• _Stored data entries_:
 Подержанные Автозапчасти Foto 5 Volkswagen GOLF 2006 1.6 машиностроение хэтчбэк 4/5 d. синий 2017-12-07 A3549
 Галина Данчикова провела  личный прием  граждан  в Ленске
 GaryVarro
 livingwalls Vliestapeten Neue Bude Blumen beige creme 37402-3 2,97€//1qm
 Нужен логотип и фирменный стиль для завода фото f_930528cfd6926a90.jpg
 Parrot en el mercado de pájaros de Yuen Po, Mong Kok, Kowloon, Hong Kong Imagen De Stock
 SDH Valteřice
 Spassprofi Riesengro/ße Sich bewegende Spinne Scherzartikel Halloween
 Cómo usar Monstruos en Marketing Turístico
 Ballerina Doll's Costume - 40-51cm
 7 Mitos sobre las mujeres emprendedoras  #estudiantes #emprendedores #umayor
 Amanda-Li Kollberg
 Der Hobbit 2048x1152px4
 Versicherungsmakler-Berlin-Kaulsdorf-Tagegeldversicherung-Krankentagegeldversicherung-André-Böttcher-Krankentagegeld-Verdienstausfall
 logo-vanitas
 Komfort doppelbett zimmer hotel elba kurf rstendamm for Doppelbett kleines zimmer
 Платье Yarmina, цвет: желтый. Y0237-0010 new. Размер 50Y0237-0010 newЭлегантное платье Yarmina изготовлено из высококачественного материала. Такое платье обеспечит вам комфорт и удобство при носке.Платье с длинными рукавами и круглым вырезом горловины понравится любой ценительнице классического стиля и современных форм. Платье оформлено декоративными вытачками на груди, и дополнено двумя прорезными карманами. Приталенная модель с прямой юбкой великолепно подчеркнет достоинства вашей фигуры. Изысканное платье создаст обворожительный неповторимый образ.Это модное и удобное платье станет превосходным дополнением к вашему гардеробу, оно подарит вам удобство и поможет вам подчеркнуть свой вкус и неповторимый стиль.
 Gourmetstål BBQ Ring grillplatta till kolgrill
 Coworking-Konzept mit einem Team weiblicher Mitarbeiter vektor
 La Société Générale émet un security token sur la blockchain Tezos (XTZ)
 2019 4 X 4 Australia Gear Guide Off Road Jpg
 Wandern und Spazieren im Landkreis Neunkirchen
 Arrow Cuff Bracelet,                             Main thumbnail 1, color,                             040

• _Assignment_: Please return exactly the lines that run from the line with "Wandern und Spazieren" through the end of the records above, both included, and nothing more.

• _Written response_:
 Wandern und Spazieren im Landkreis Neunkirchen
 Arrow Cuff Bracelet,                             Main thumbnail 1, color,                             040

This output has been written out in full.